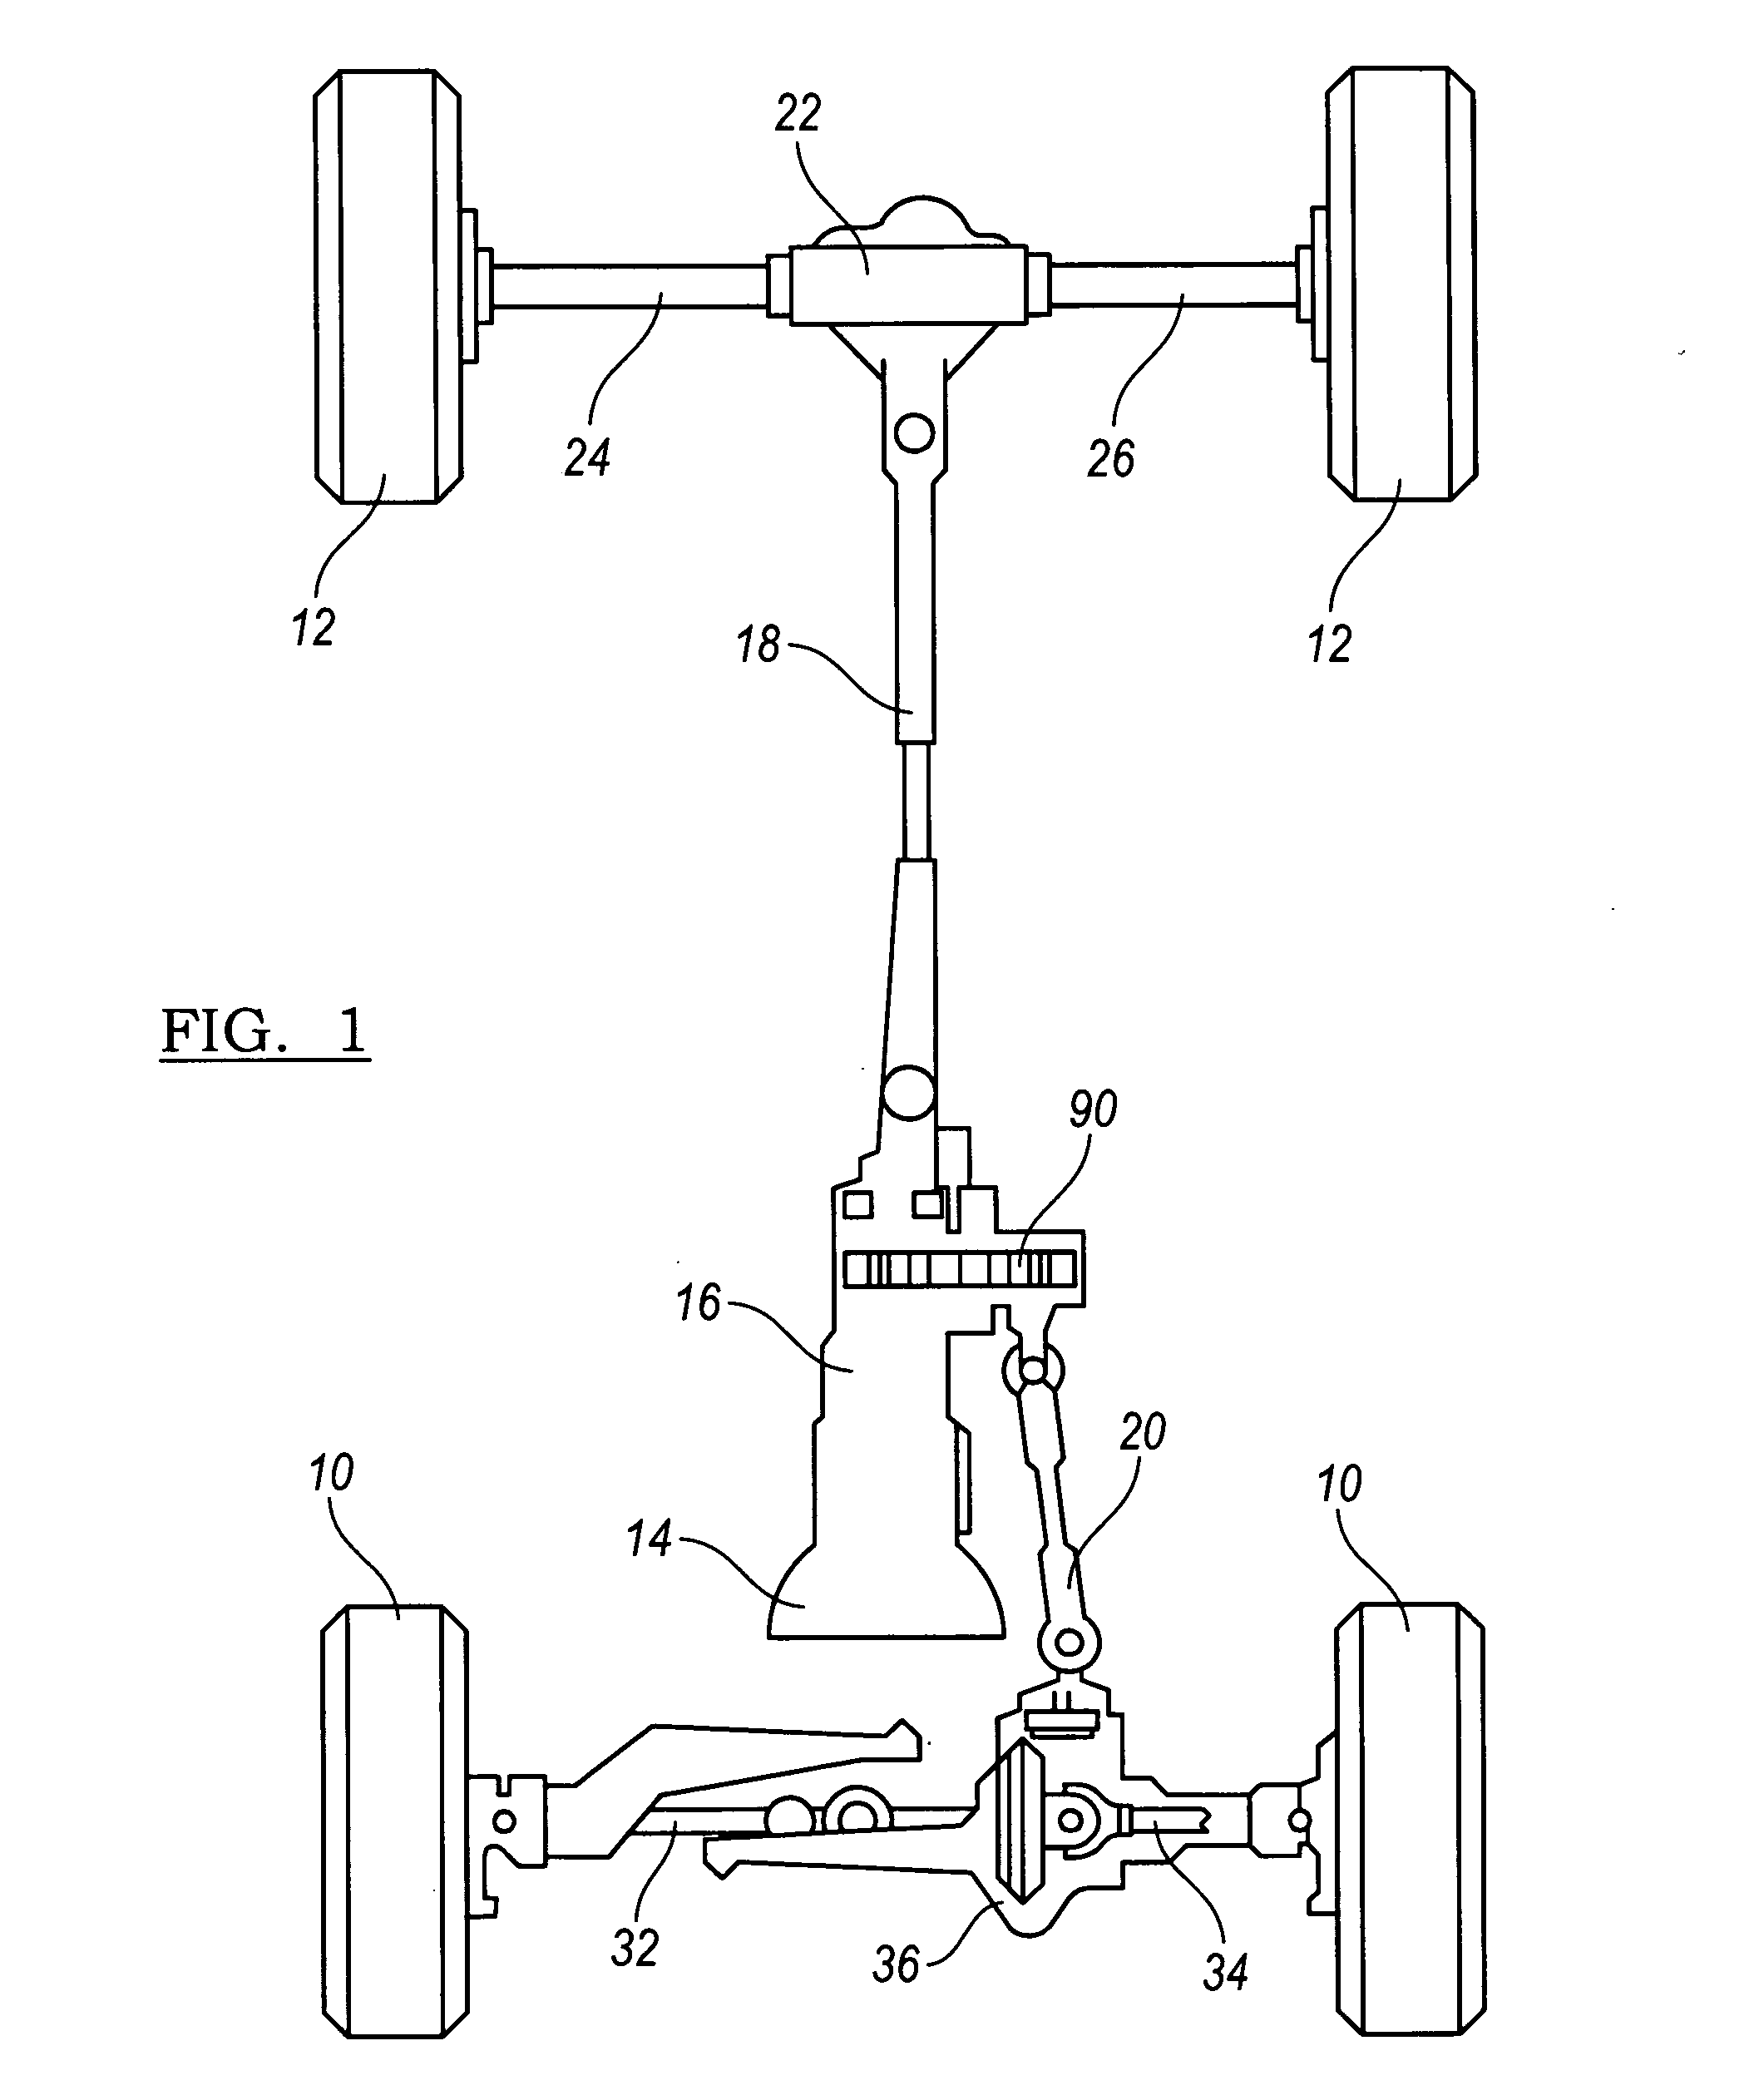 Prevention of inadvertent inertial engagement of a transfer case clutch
* * * * *
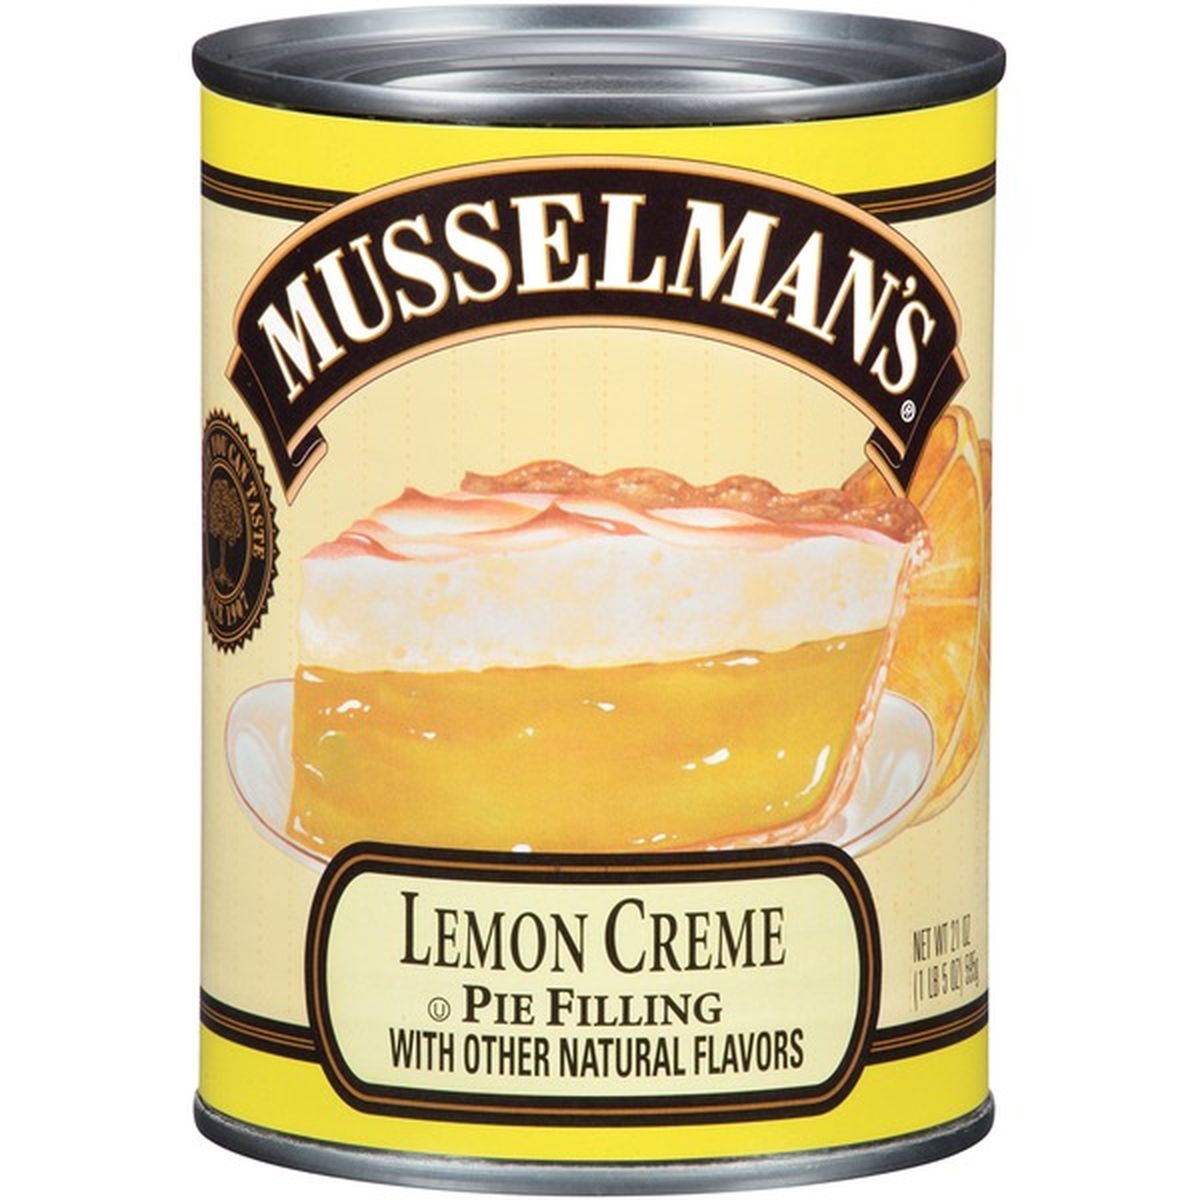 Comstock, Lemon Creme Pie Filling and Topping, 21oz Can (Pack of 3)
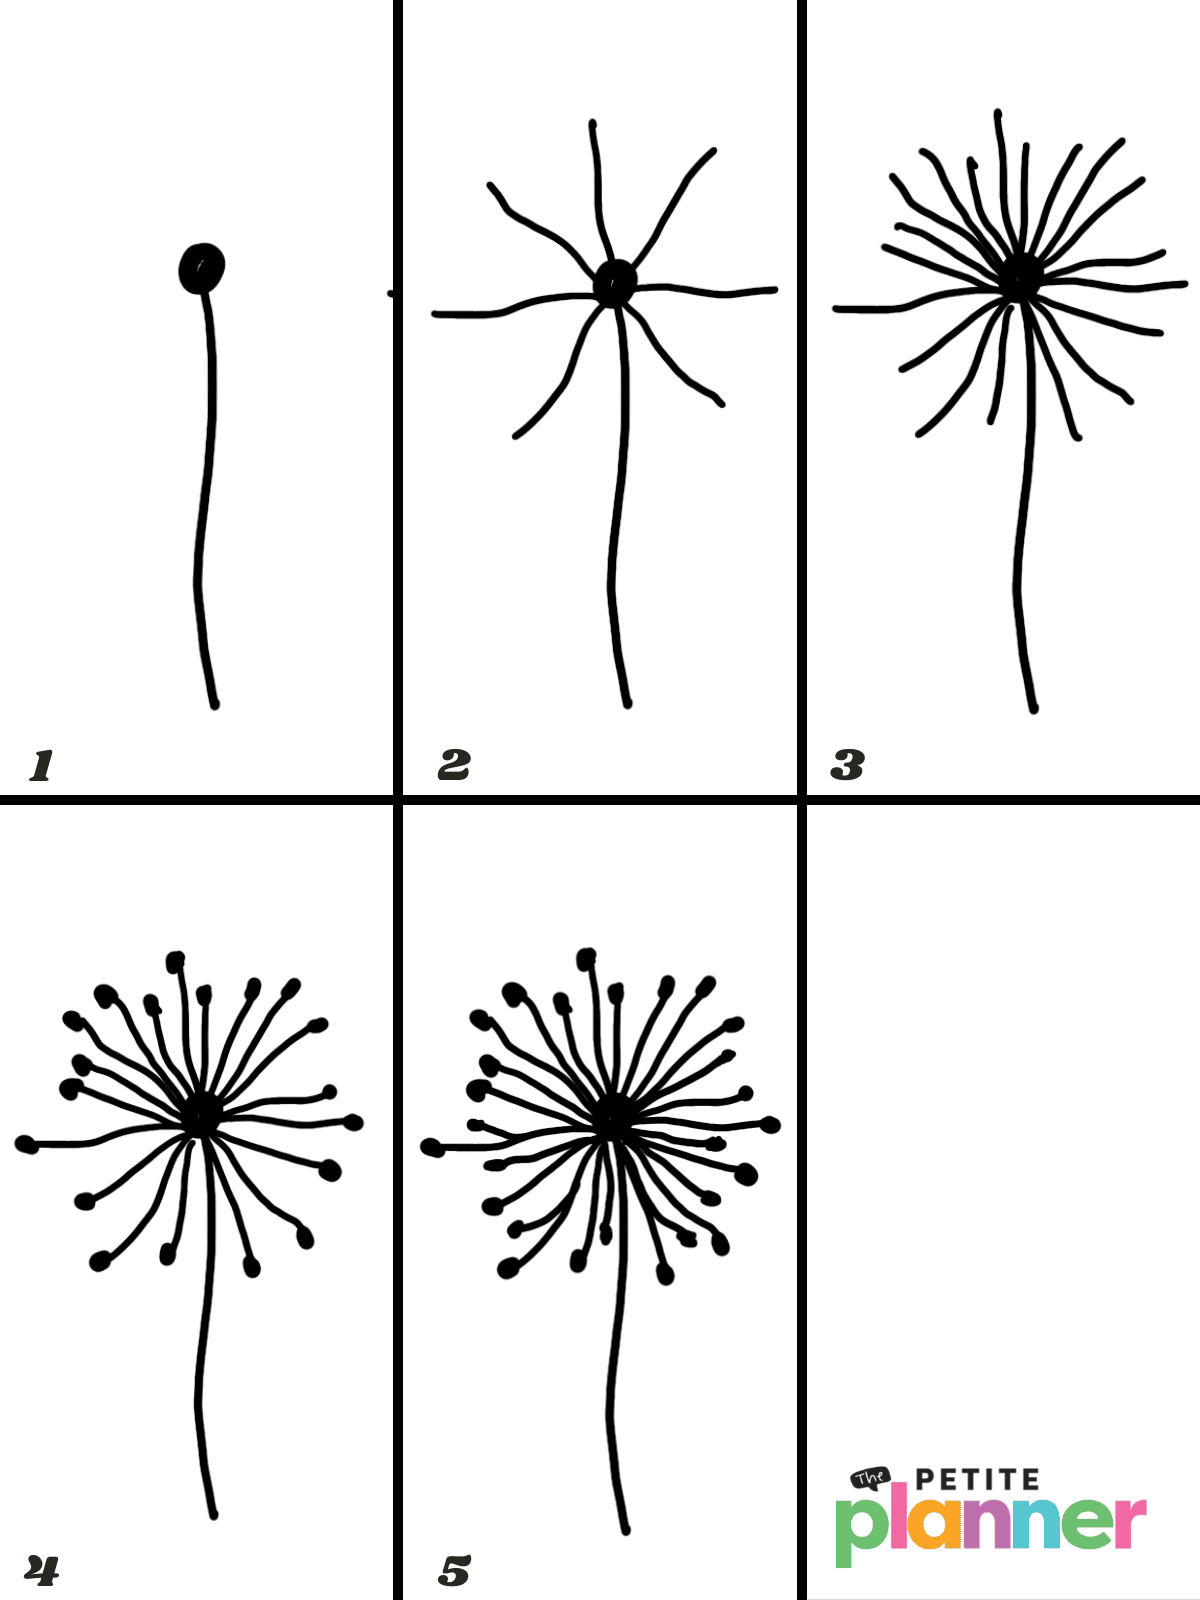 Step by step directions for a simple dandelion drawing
* * * * *
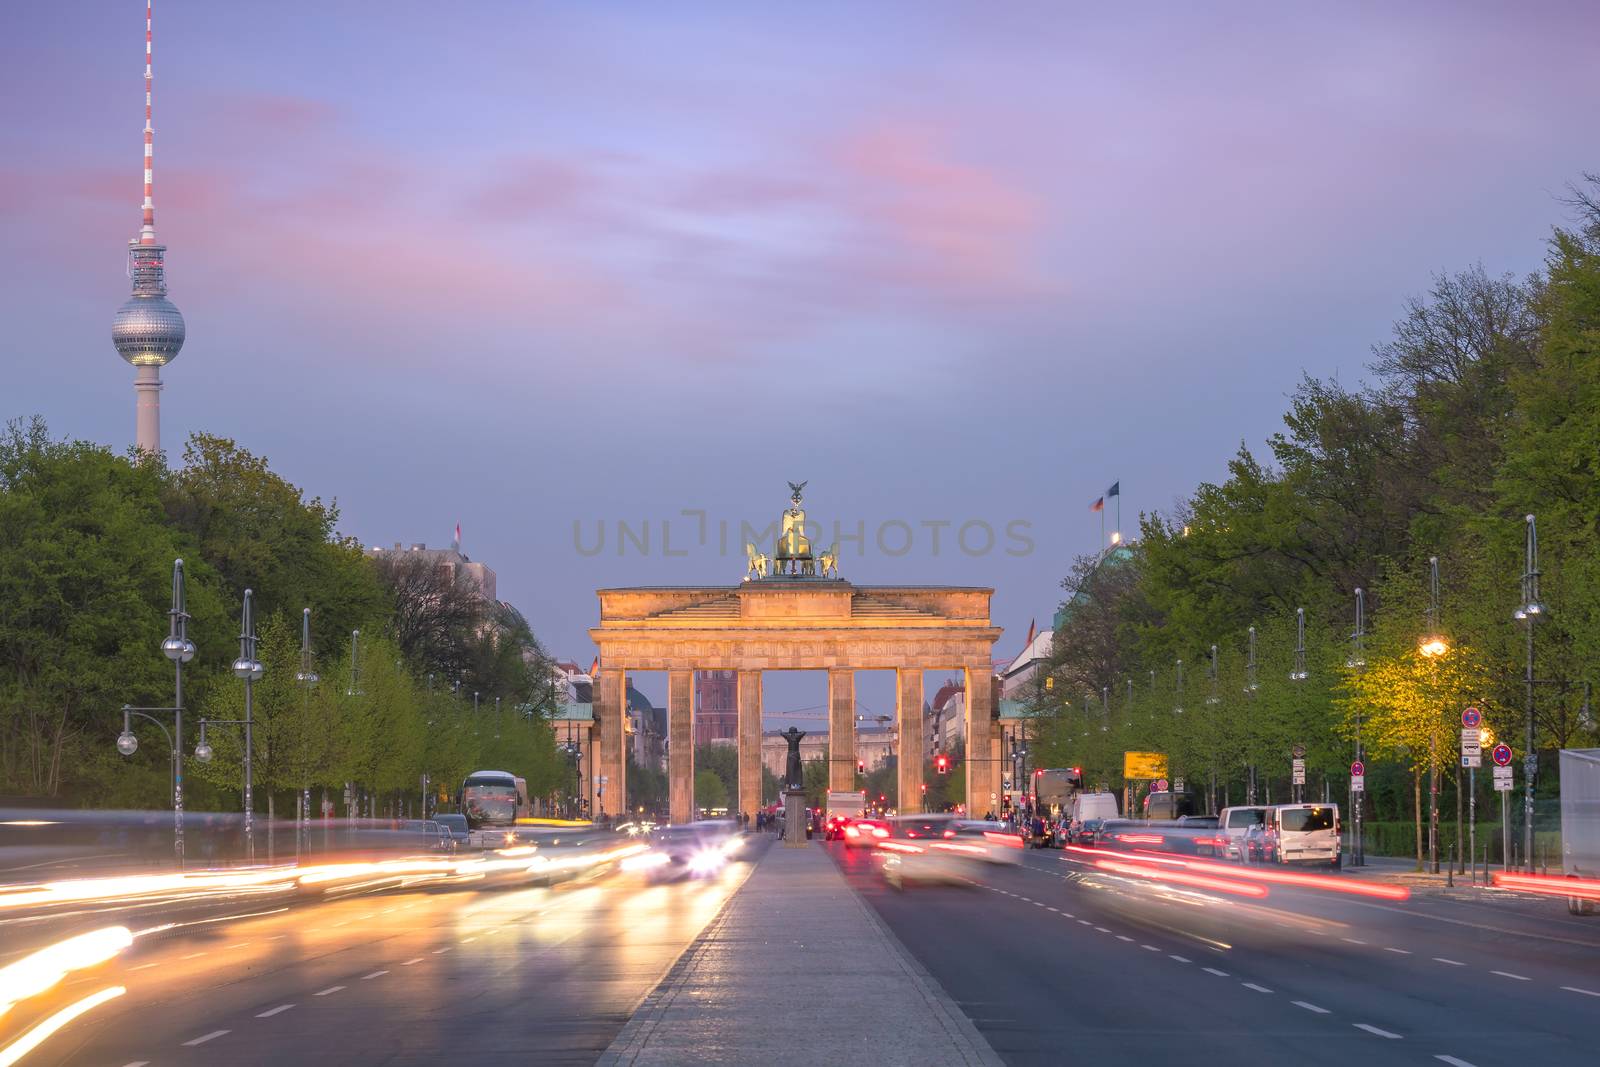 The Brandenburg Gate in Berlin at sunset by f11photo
* * * * *
WORK TO COMPLETE> All that should appear in the answer is the lines above from the line with "Comstock, Lemon Creme" through the line with "Step by step", retyped exactly, pictures left out.

ANSWER SPACE>
 Comstock, Lemon Creme Pie Filling and Topping, 21oz Can (Pack of 3)
 Step by step directions for a simple dandelion drawing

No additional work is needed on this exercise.